My variable contains web addresses (URLs). How can I have them as proper addresses rather than strings?
Change the datatype to: xsd:anyURI
Can I assign values conditionally, i.e. use an if-statement?

Indeed you can. For example, HISCO codes ought to be 5 digits, but sometimes the first digit is a zero and then gets ‘lost’. So we want to add that zero back, when HISCO has less than 5 digits. However, we don’t want to add a zero, to the codes indicating missing HISCO’s: (-1, -2 (and -3 in the Dutch Historical Sample version of HISCO)). Ergo:

"aboutUrl": "hisco:{% if not HISCO in ['-1','-3','-2']%}{HISCO:0>5}{% else %}{HISCO}{% endif %}"

Also see the section Commonly used Template Formatting

What does ValueError: Expecting , delimiter: line 161 column 5 (char 5716) mean?
This might happen when you use the csvw-tool to convert a dataset. It indicates that you probably forgot a comma (or other delimiter) in the line before.
What does ValueError:"No JSON object could be decoded" mean?
In general it means that the Json schema is not syntactically valid. This could mean anything from missing commas, brackets, closing quotes, incorrect string quotes or invalid structure. E.g. this error occurs when your second to final } is followed by a comma.
When converting, I get the following error: "Exception: Could not find source file or necessary metadata file in path..."
It’s likely your trying to convert the .csv-metadata.json file rather than the .csv file itself.
I’ve added a language tag using "lang": "whatever_language", but why doesn’t show @whatever_language in the n-quads file?
The "lang": part should be placed directly after the specification of the skos:pref/hidden/altLabel.

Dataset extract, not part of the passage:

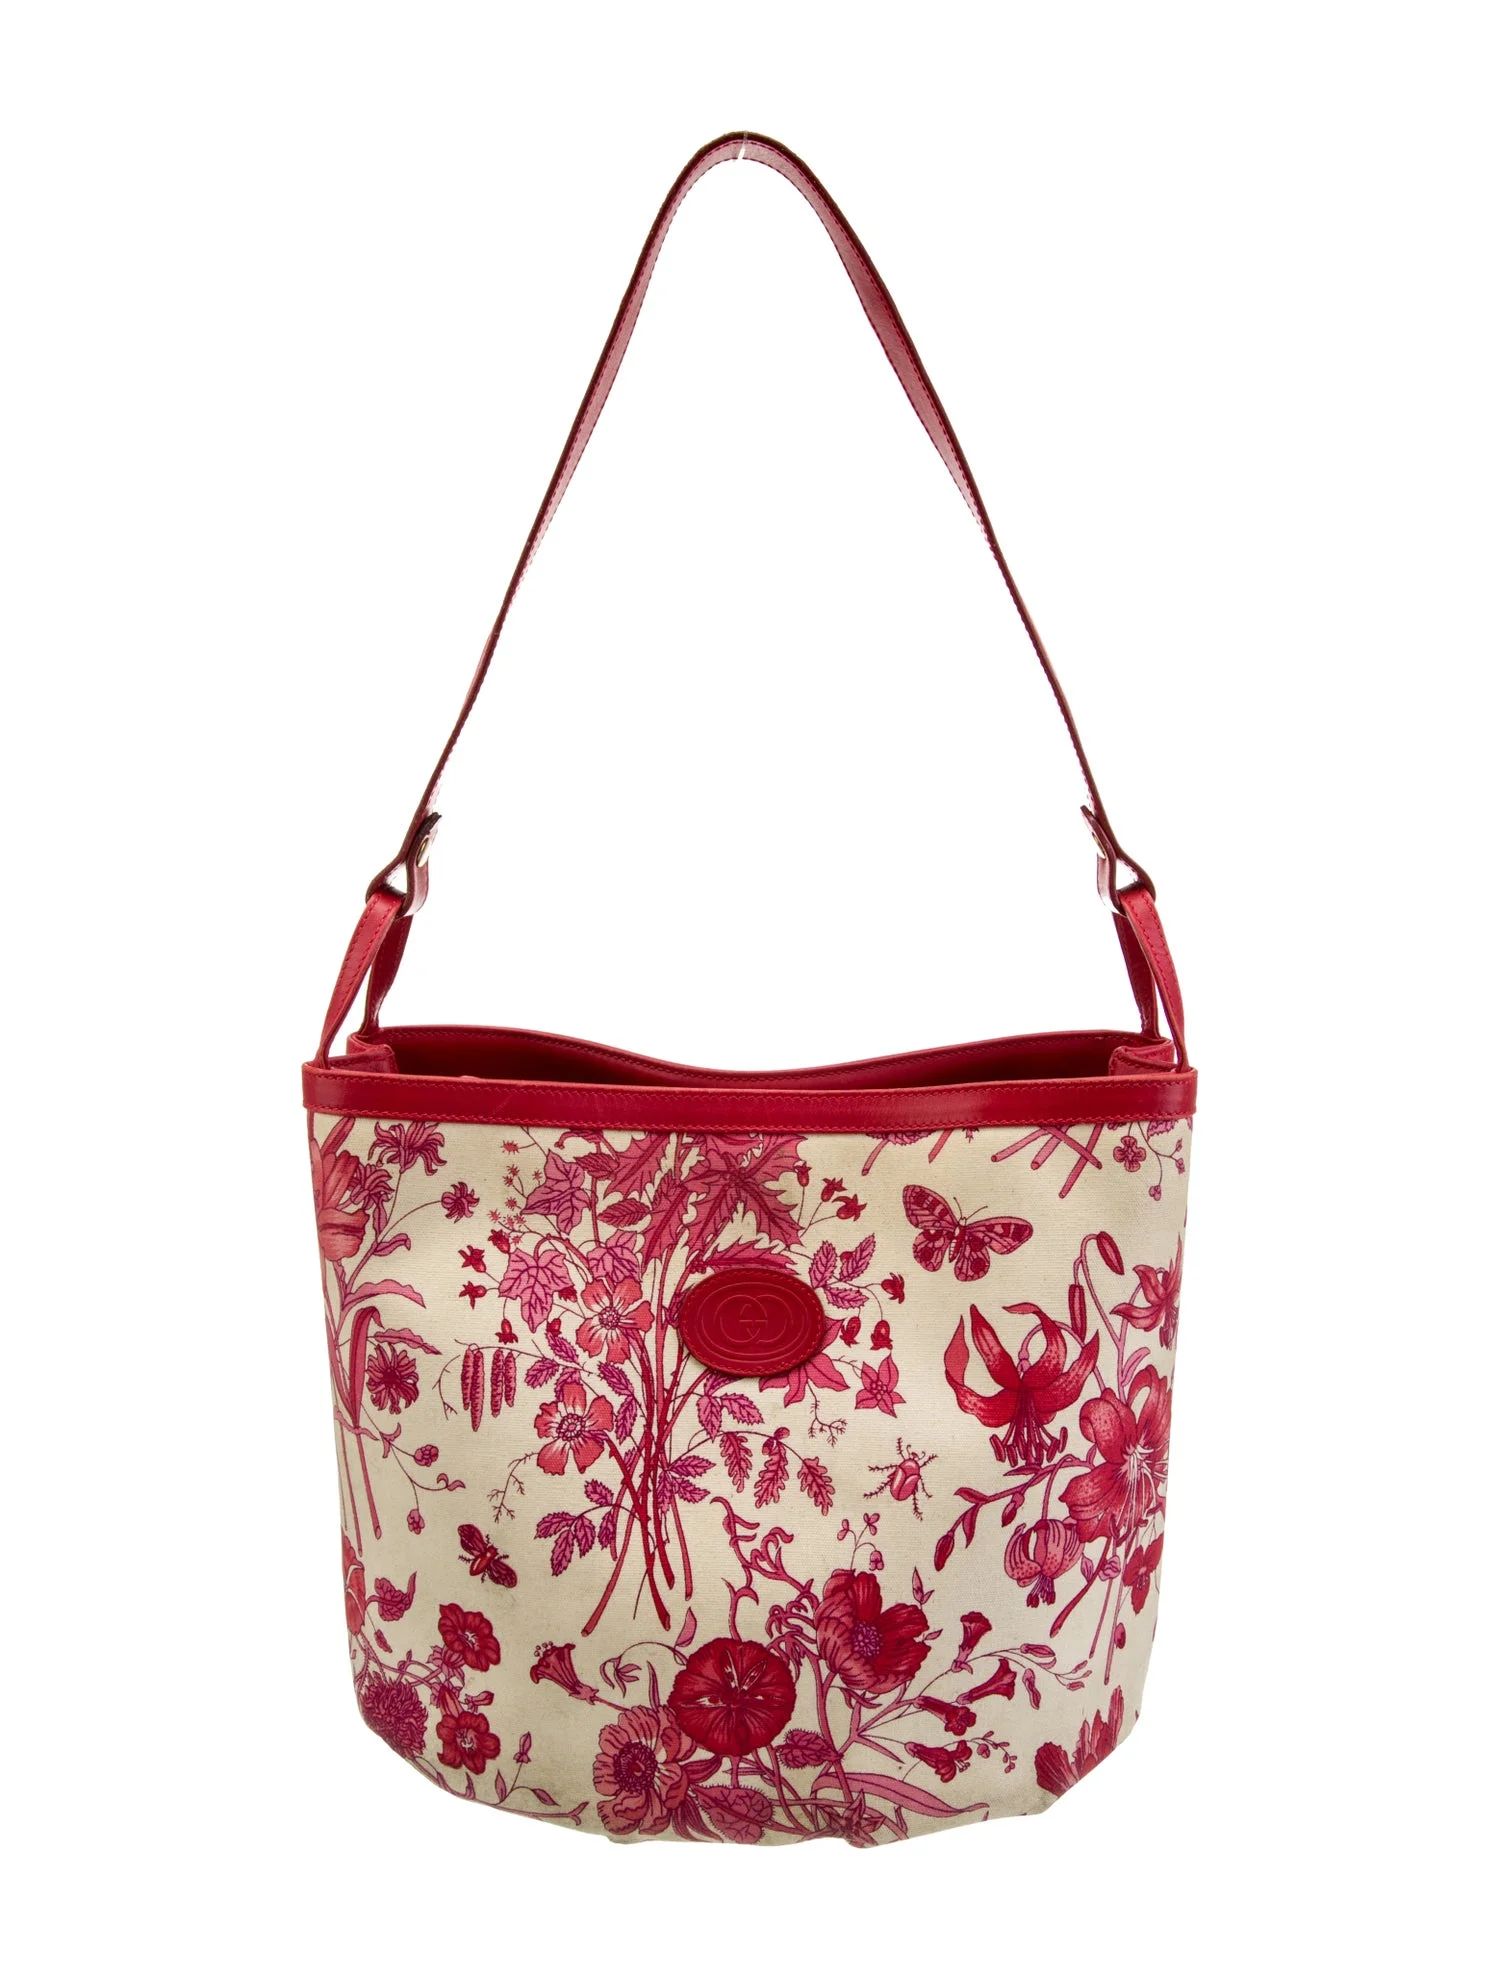 Floral Bucket Bag | The RealReal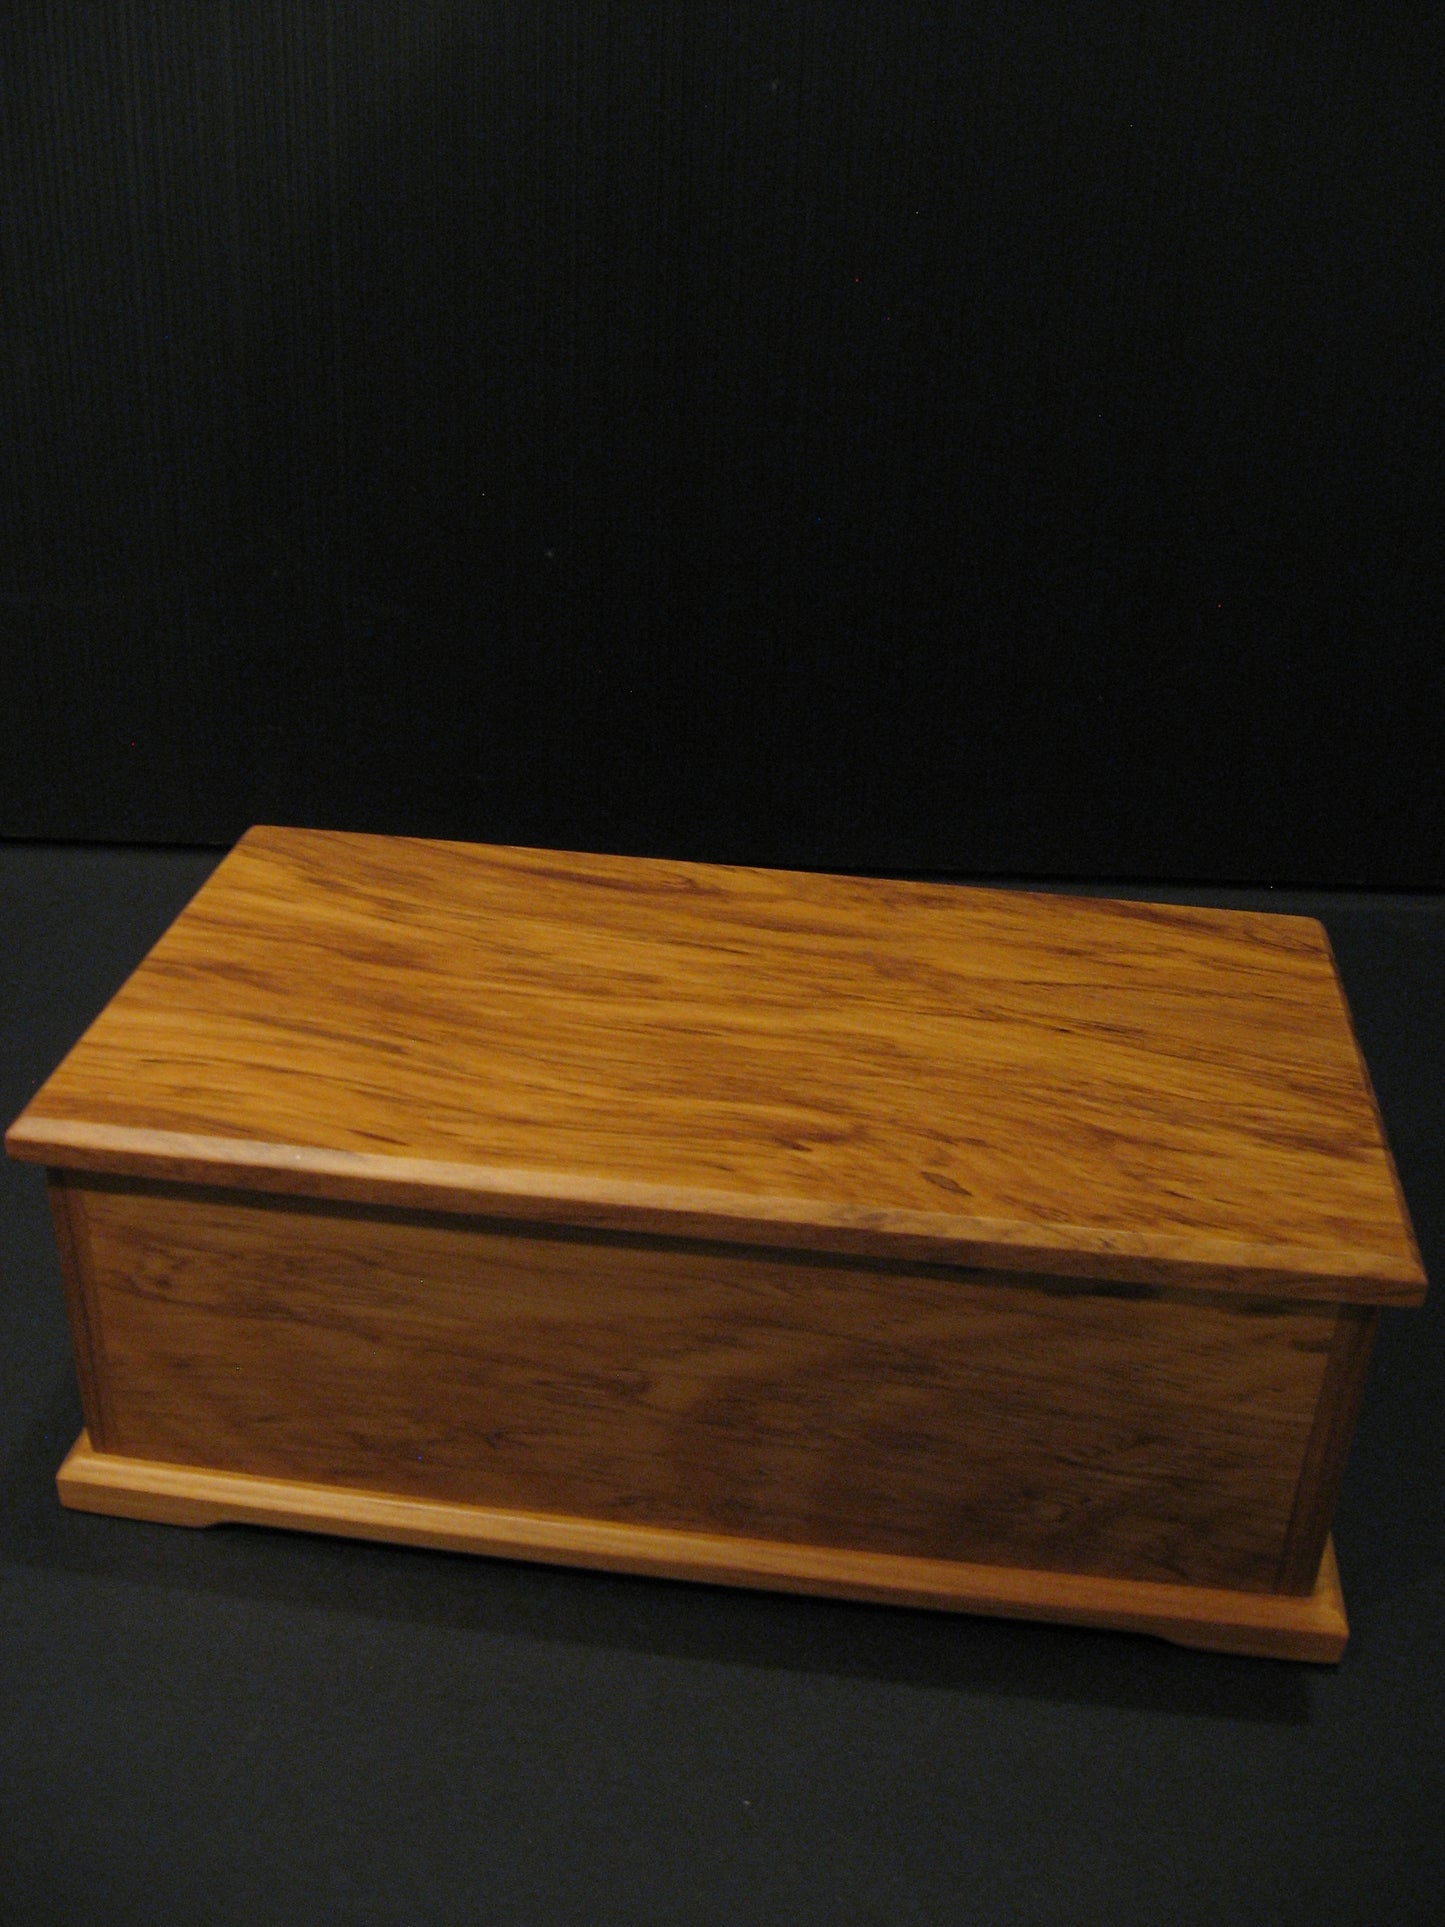 Rimu Wooden Deluxe Jewellery Box by Timber Arts NZ Silver Fern Gallery

Commonly used Template Formatting

  • Leading zeroes: {variable:0>N}, where N is the number of digits to fill up to.
  • If-else statements: {% if conditional_variable=="something" %} value_if {% else %} value_else {% endif %}.
  • Convert to string and concatenate: {{variable ~ 'string'}}, e.g. if variable has value “Hello” then the result would be “Hello string”. Note the double braces.
  • Arithmetic: use double braces and cast as numeric first, e.g. {{variable|float() * 1000}}.
  • Lowercase, uppercase, etc.: {{variable|lower()}}`. Note the double brace.
  • String slices: {{variable[n:m]}} as described here.

API Documentation

Indices and tables

Footnotes

Footnotes

[1]COW: **C**SV **O**n the **W**eb.
[2]These instructions use virtualenv but you can also install all packages globally, or use an alternative such as conda.
[3]In the future we may enable the Jinja2 plugin mechanism. This will allow running custom Python functions as filters over values.
[4]https://en.wikipedia.org/wiki/List_of_countries_by_GDP_%28PPP%29_per_capita
[5]Assuming that you have the proper locale settings that instructs Python to interpret the comma as a thousands separator.